Troutman Pepper

The trend of fintech companies seeking or acquiring U.S. banking licenses continues to build momentum, furthering the convergence of fintech and banking. More fintech companies are applying and being approved for banking licenses. Last March, the Federal Deposit Insurance Corporation (FDIC) gave the green light to an application from fintech firm Square to create an industrial bank in Utah. Last July, the Office of the Comptroller of the Currency (OCC) approved the national bank charter application of Varo Bank, N.A., a wholly-owned subsidiary of fintech Varo Money, Inc. Further, LendingClub recently completed its acquisition of Radius Bank, while SoFi, Figure, and Oportun all have charter applications for bank subsidiaries pending.

According to a recent announcement, the London-based fintech startup Revolut is applying for banking license in the U.S. The company has filed an application with the FDIC and California Department of Financial Protection and Innovation seeking a banking license from the state of California. After obtaining a charter in the U.S. and getting FDIC insurance, Revolut will be able to operate in the U.S. as an independent bank and offer what it describes as its “new and innovative” lending and savings products through its technology platform.
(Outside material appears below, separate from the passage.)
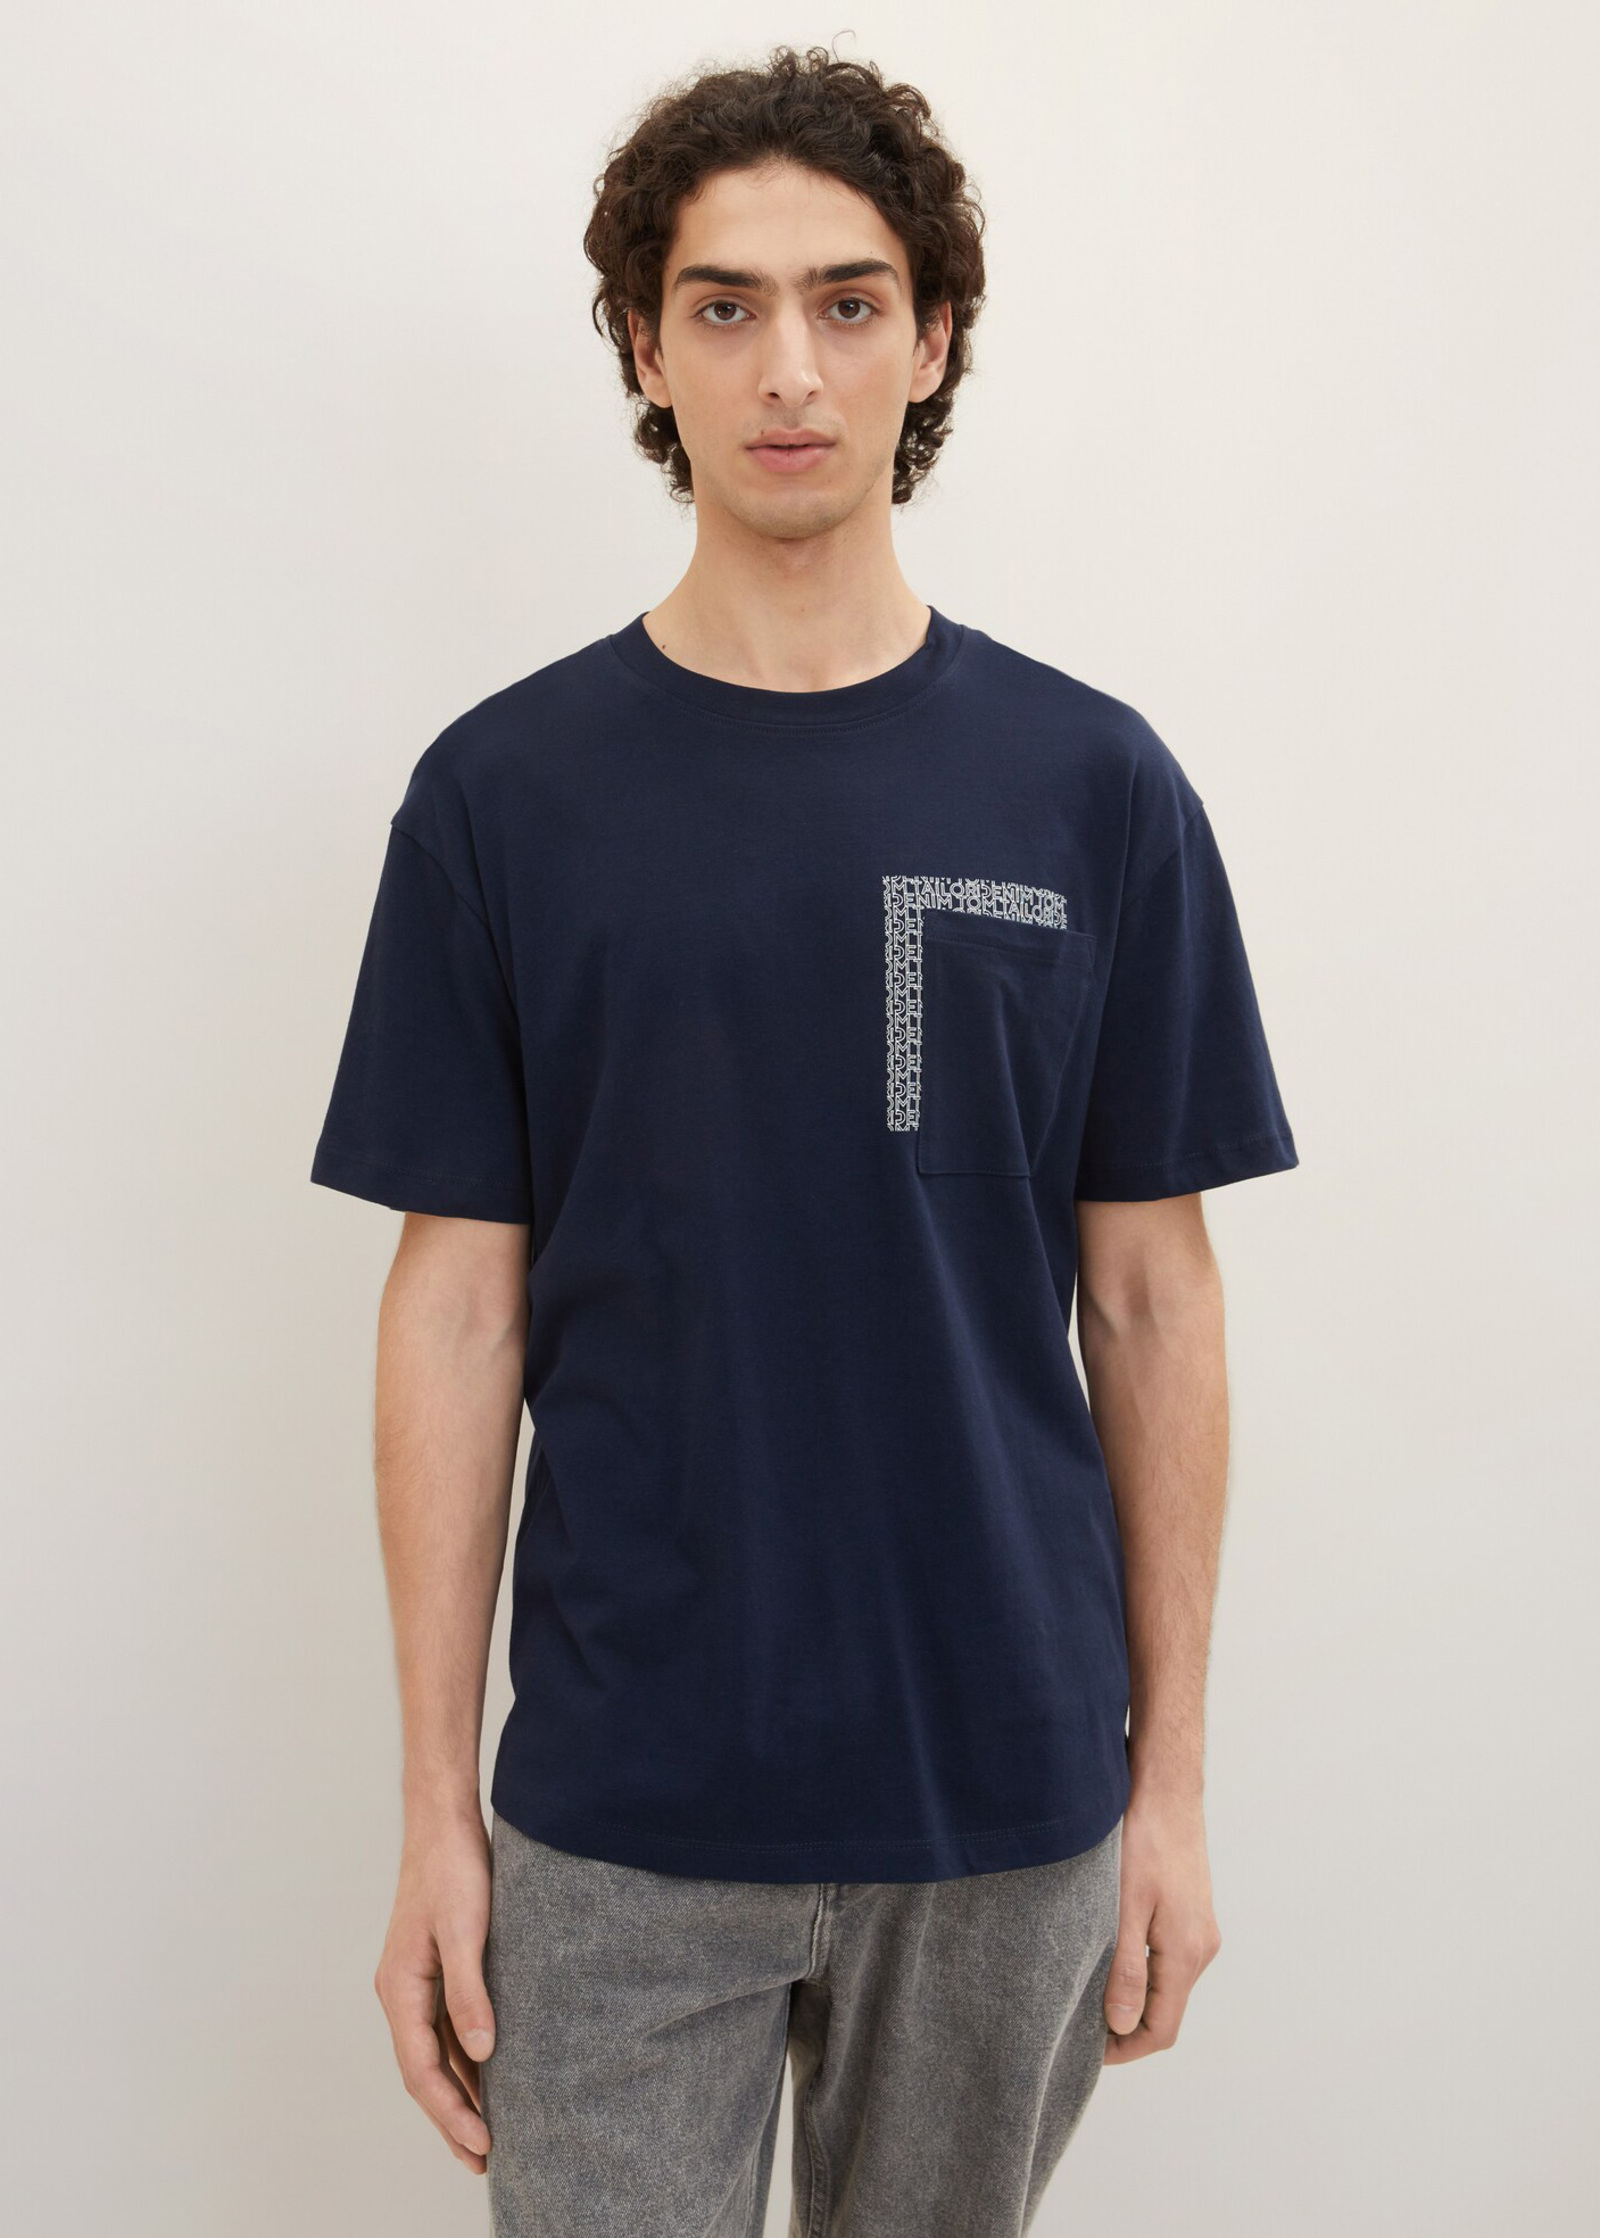 Tom Tailor® T-shirt Sign - XL Size Captain Blue Sky

The application process to secure a bank charter is a big step and will subject a fintech company to substantial regulation and oversight. Traditionally, fintech companies have partnered with banks to fulfill their customers banking needs behind their customer-facing platforms. Eliminating the need for partner banks means fintech companies can directly access lower-cost deposit funding and become their customers’ true provider of more financial services than ever.
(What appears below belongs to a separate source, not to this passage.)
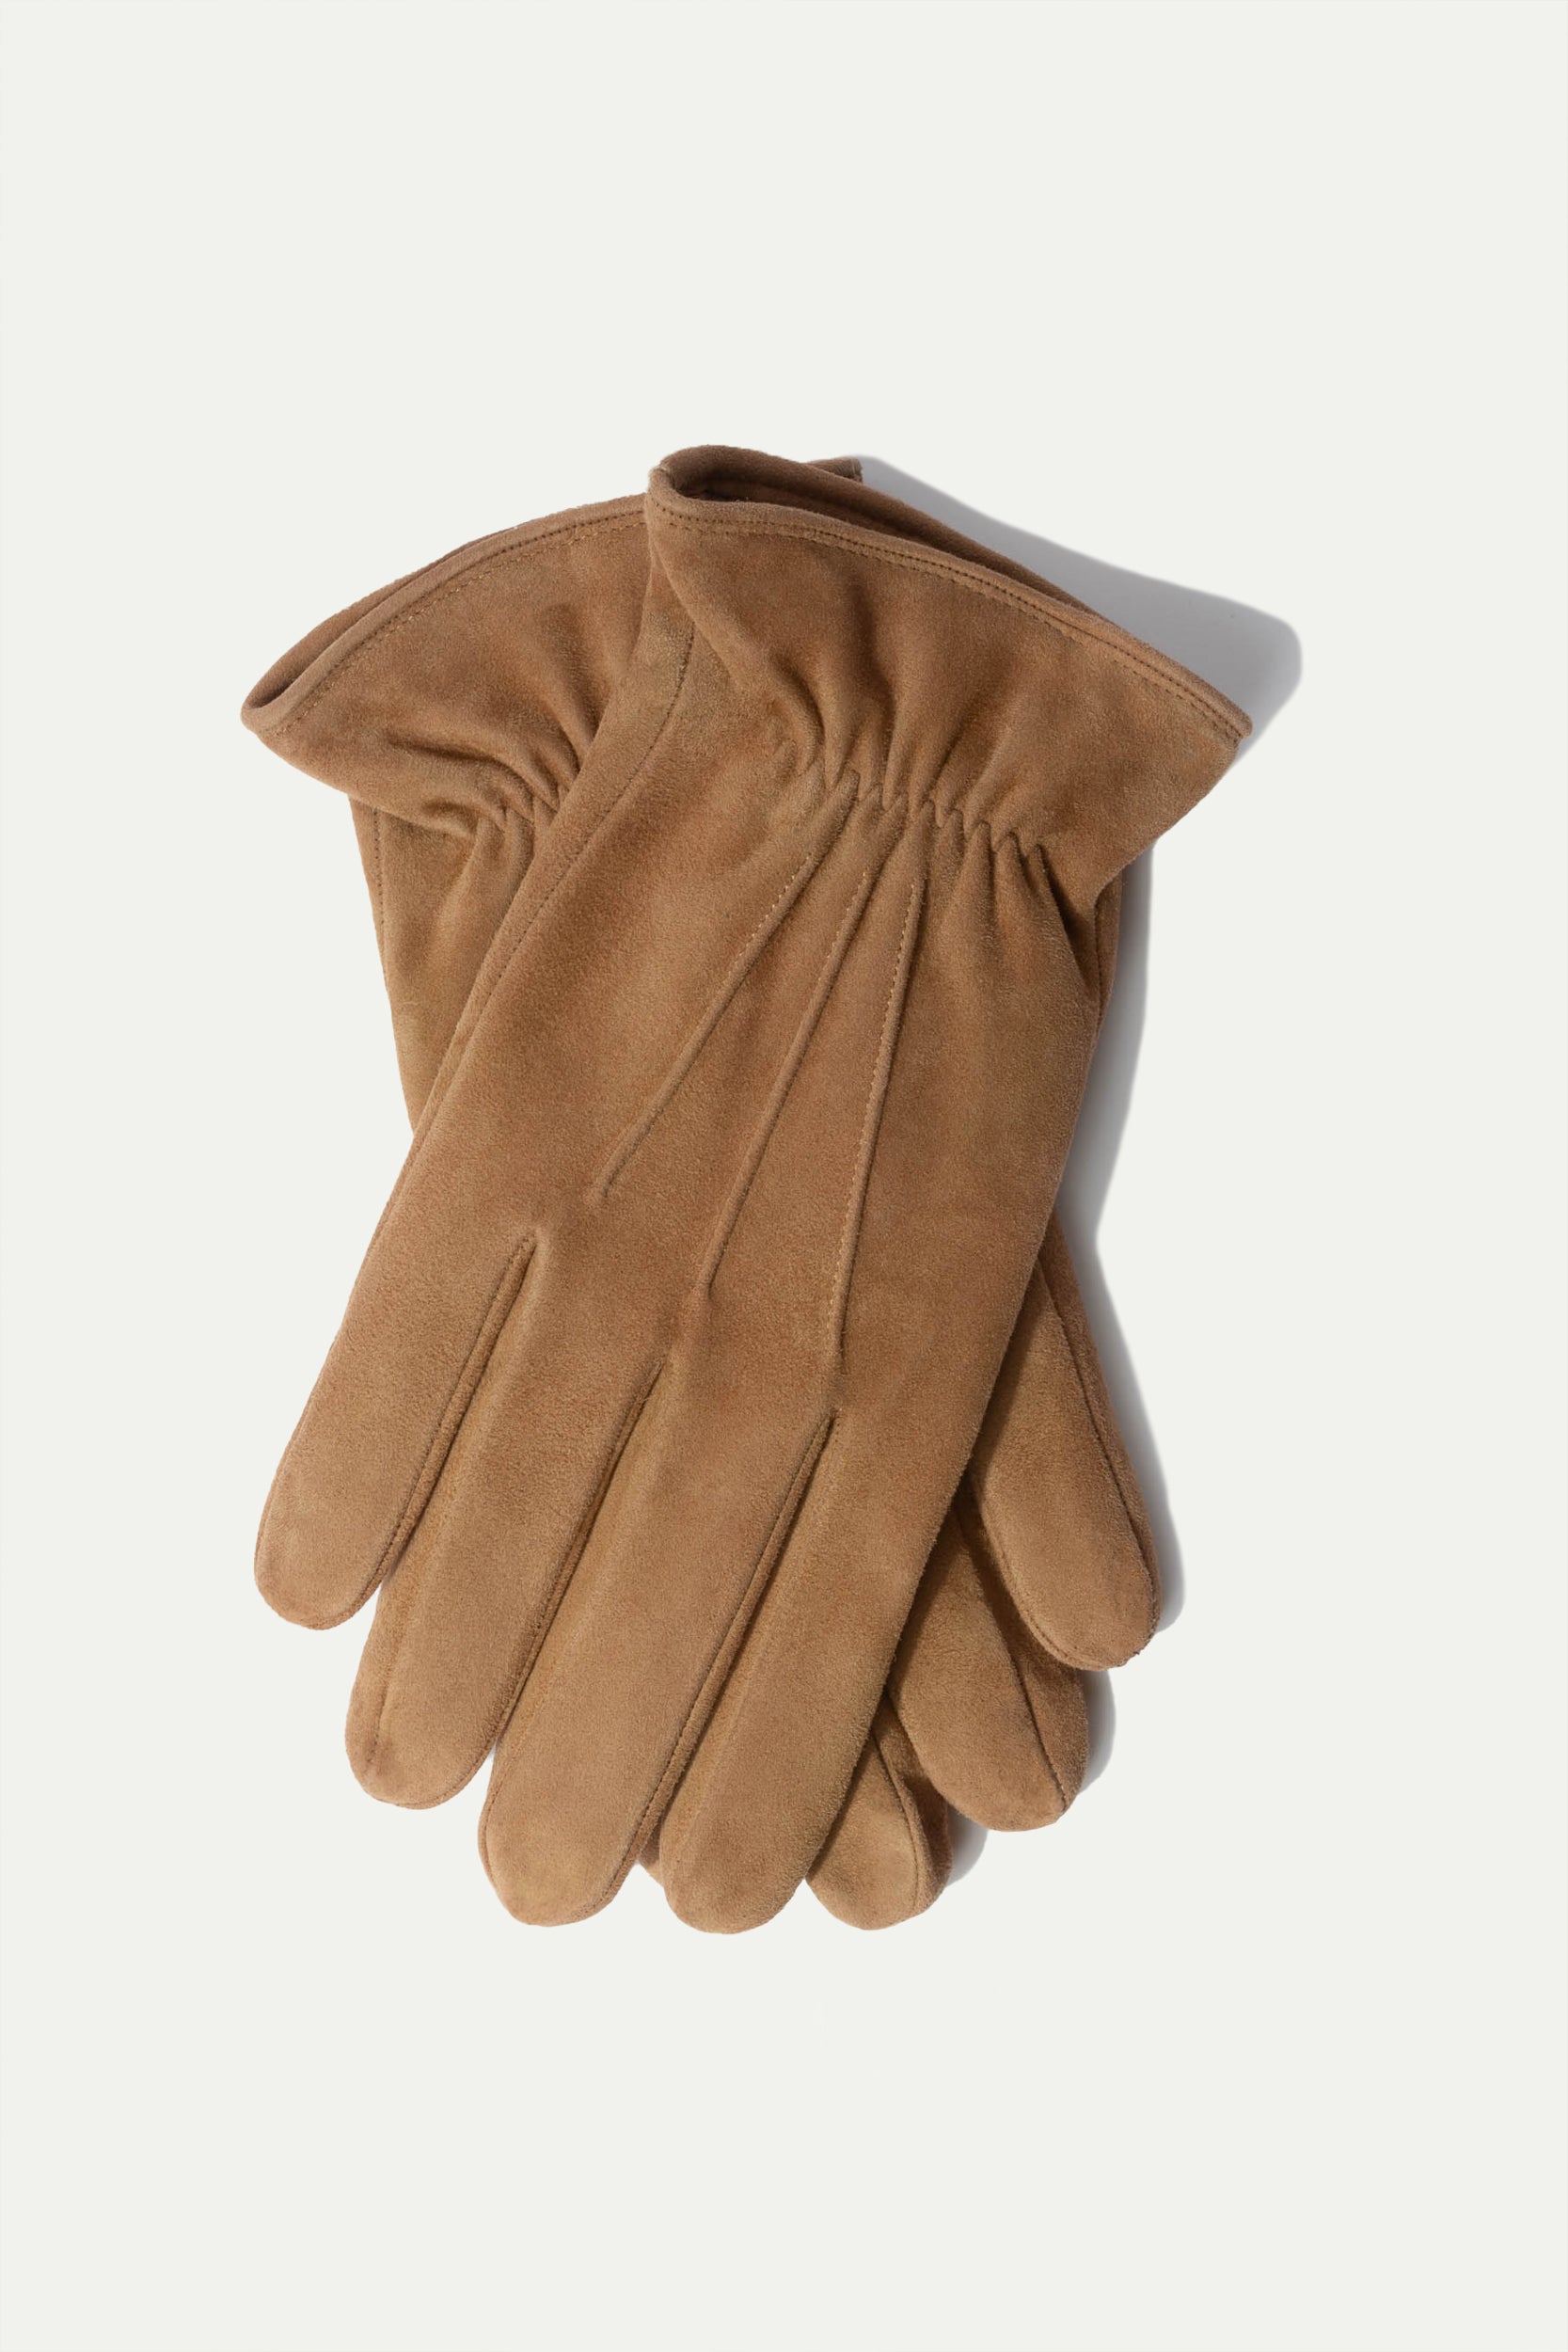 Black lambskin leather gloves - beige cashmere lining

For banks, this trend warrants observation. First, existing fintech partners of many banks may try to obtain a bank charter in the future, and banks should be prepared in the event a fintech partner suddenly becomes a potential competitor. Banks should also consider this possibility in negotiating program agreements with new fintech partners or renewing existing program agreements. As more fintechs operate without bank partners, banks may need to develop their own technologies and platforms capable of competing in business lines that in recent years have been the focus of fintech companies.